Methods: A review of medical records of 18 individuals (10 females, 8 males) with a mean age of 8.7 years (range 0.8 - 31.8) with A/M treated with ocular prosthesis at Sahlgrenska University Hospital, Gothenburg, Sweden between year 2000 and 2012.

Results: The median age by diagnosis was 10 days (1-110 days); n=16. In this group of 18 individuals, three have anophthalmia (A) and 15 microphthalmia (M). A majority has other malformations in the A/M eye and eight individuals have findings in the fellow eye. MRI/CT revealed CNS pathology in 2 out of 14 cases. Visual evoked potential (VEP) was performed in seven cases, all pathological. Seven individuals have subnormal visual acuity in the fellow eye, s ix are in contact with vision support services and 15 have a follow-up at an eye clinic. Almost half of the group wears glasses. Eleven individuals have extra ocular findings (i.e. cardiac defects, autism, septo-optic dysplasia, and hearing impairment), which indicate a syndromic condition. Genetic tests (karyotype, array and/or targeted gene analysis) were done in five cases without significant results. Intrauterine varicella infection caused one M. Ocular prosthesis was started at a median age of 7.8 months (22 days-16 years).

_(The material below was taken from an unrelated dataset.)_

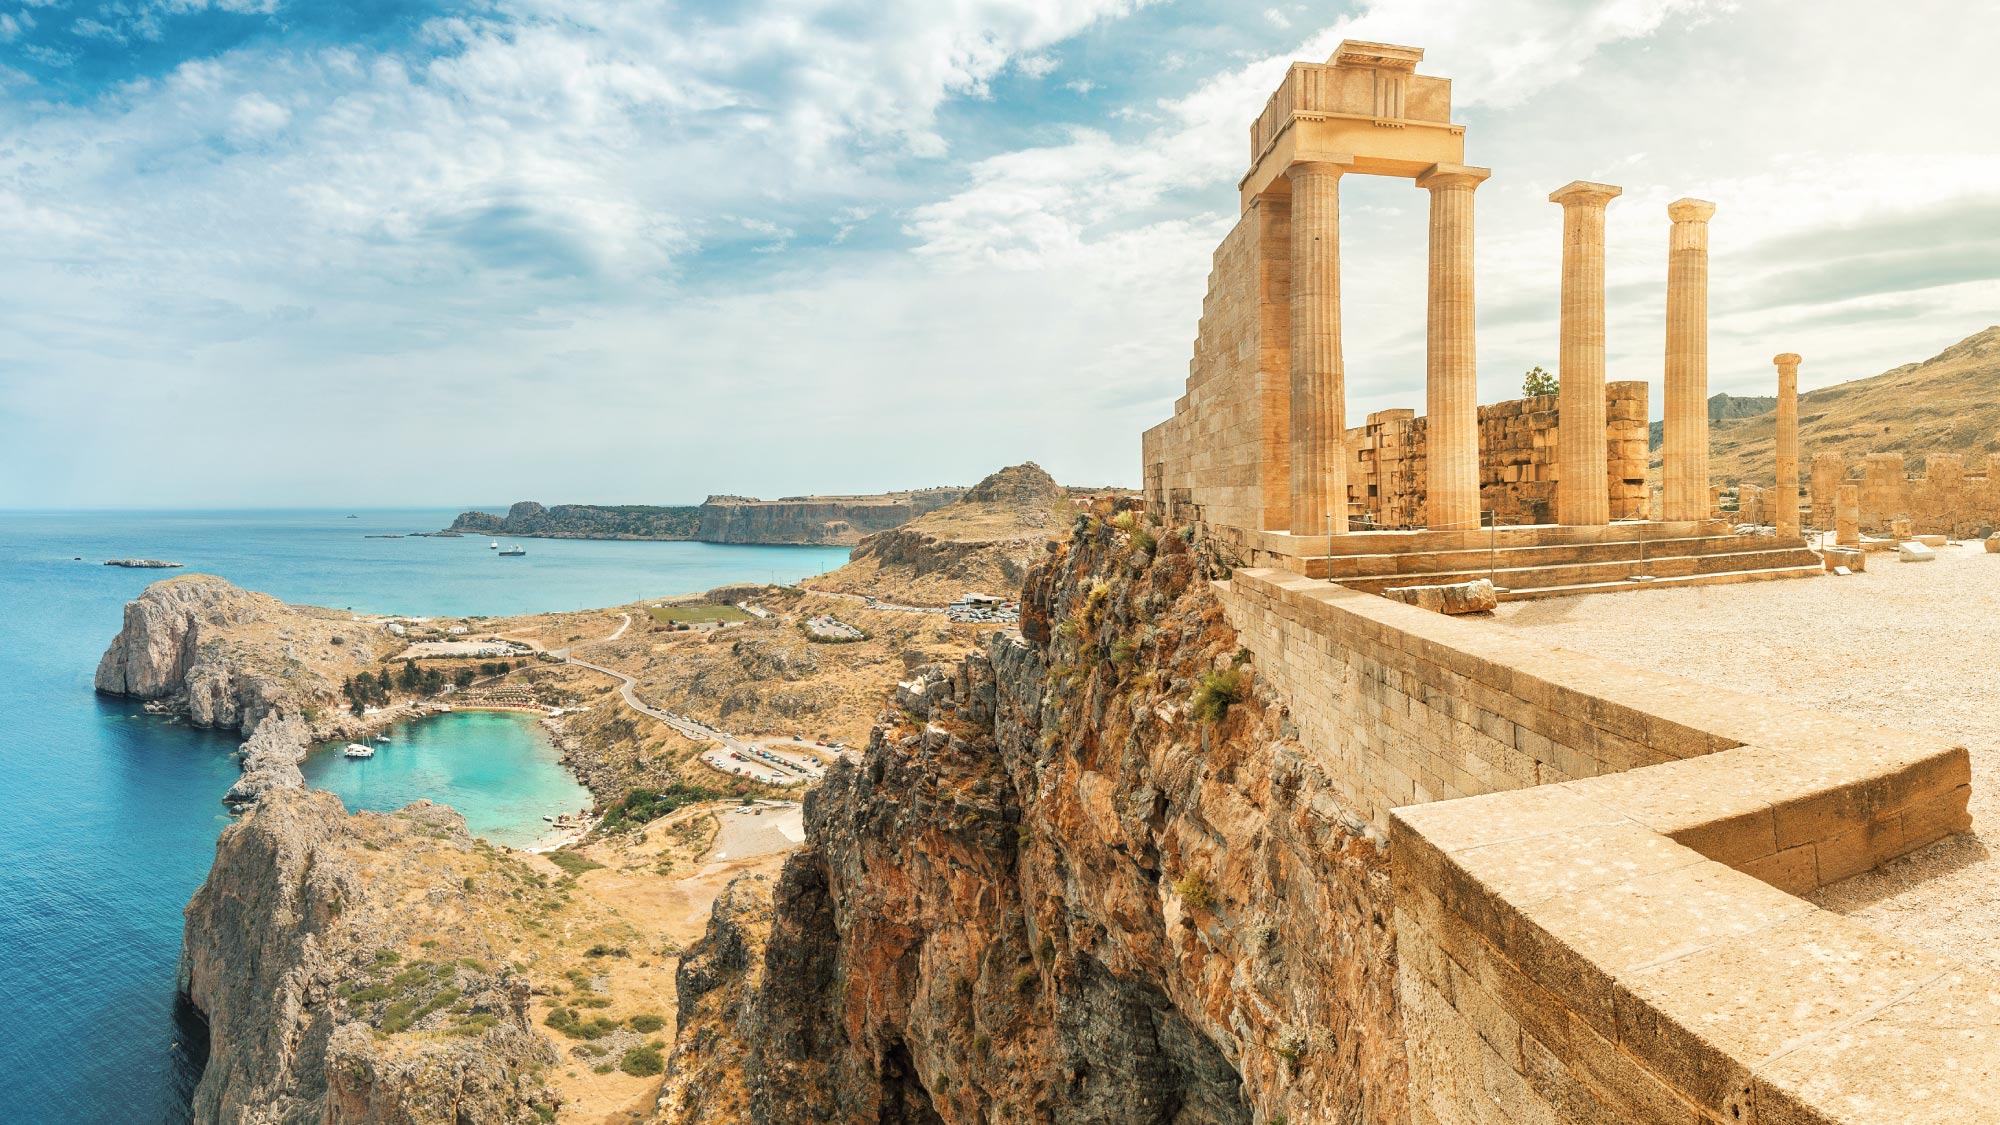 Capture the allure of Rhodes in Greece, a captivating stop on the journey to Australia spanning 21 countries, tailored for self-flying pilots. Immerse yourself in the island's rich history and picturesque landscapes as you explore this enchanting Mediterranean destination.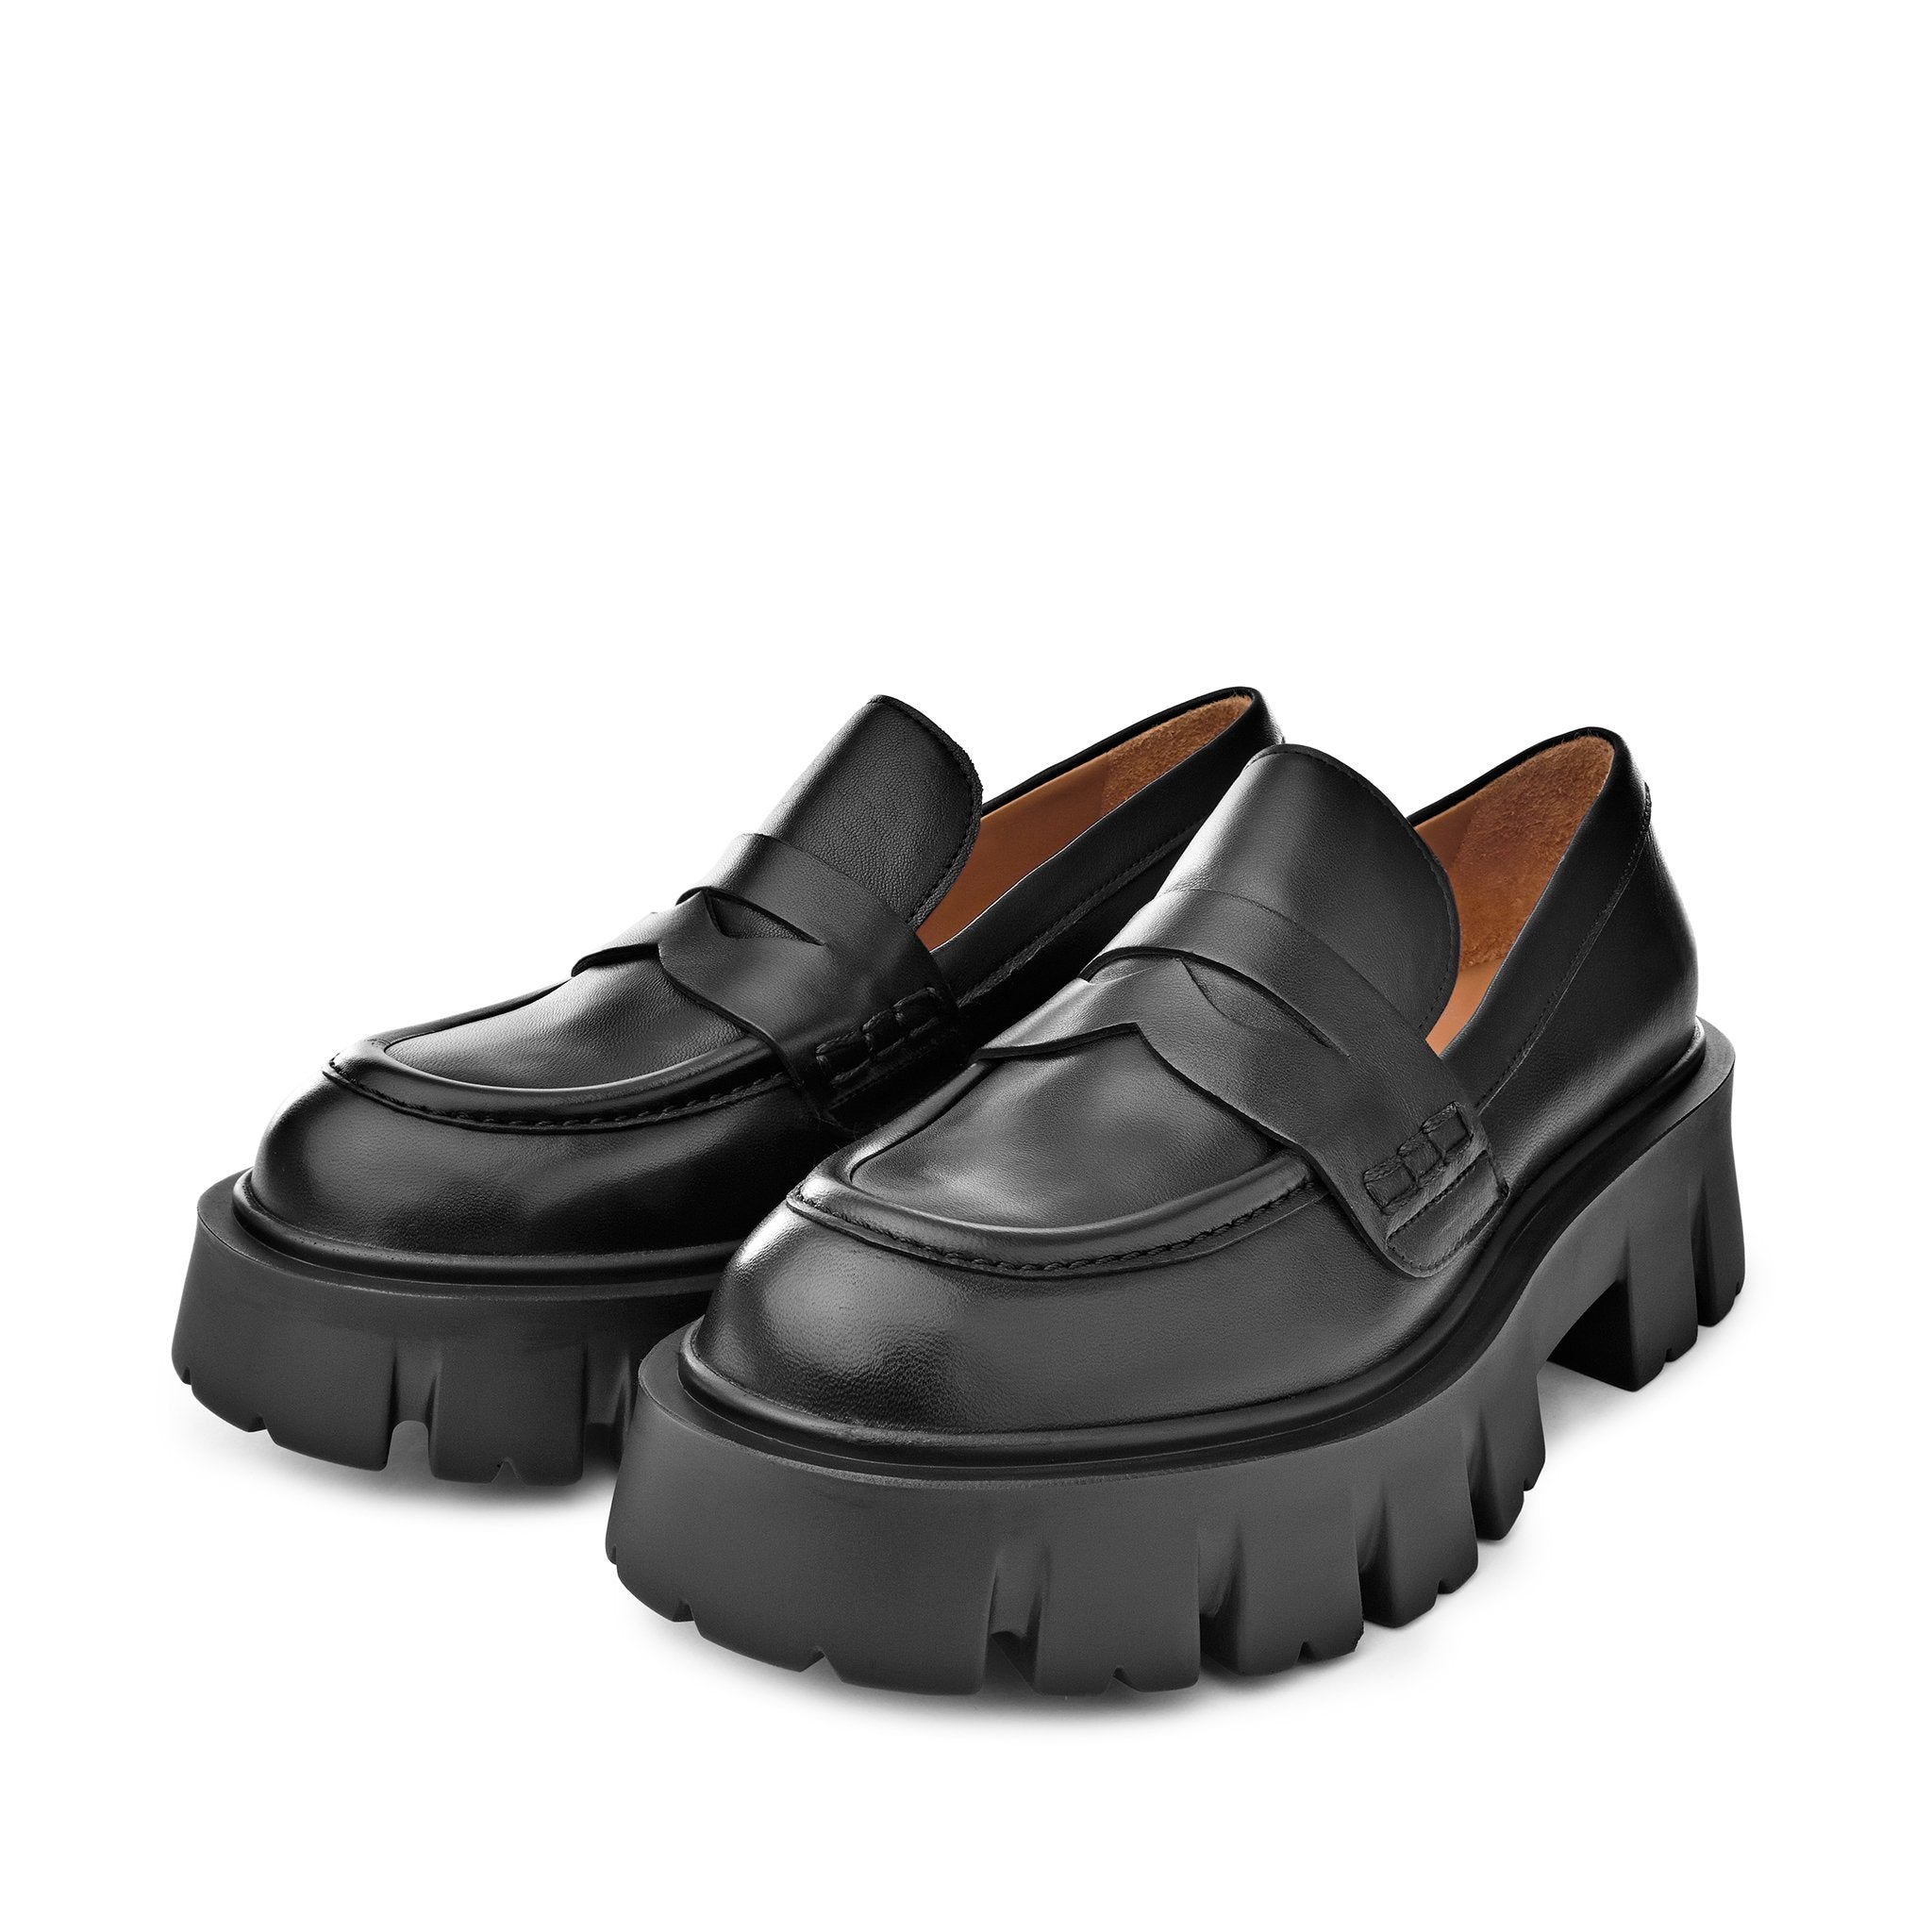 Mikki Black Leather Chunky Loafers D1304Black - 10

Treatment with ocular prosthesis was tolerated well, no complication but local irritation in form of redness and secretion were noted; especially when the child had a cold. All, but two were treated locally by antibiotics one or several times. Four children, (A, n=2; M, n=2) had ocular plastic surgery.

Conclusions: The investigation of A/M children should include MRI of CNS and orbit, ultrasound of the bulb and VEP. The ophthalmologist who makes the diagnosis A/M needs to monitor the visual development of the fellow eye but also initiate treatment with prosthesis, pediatric assessment, hearing test and genetic counseling.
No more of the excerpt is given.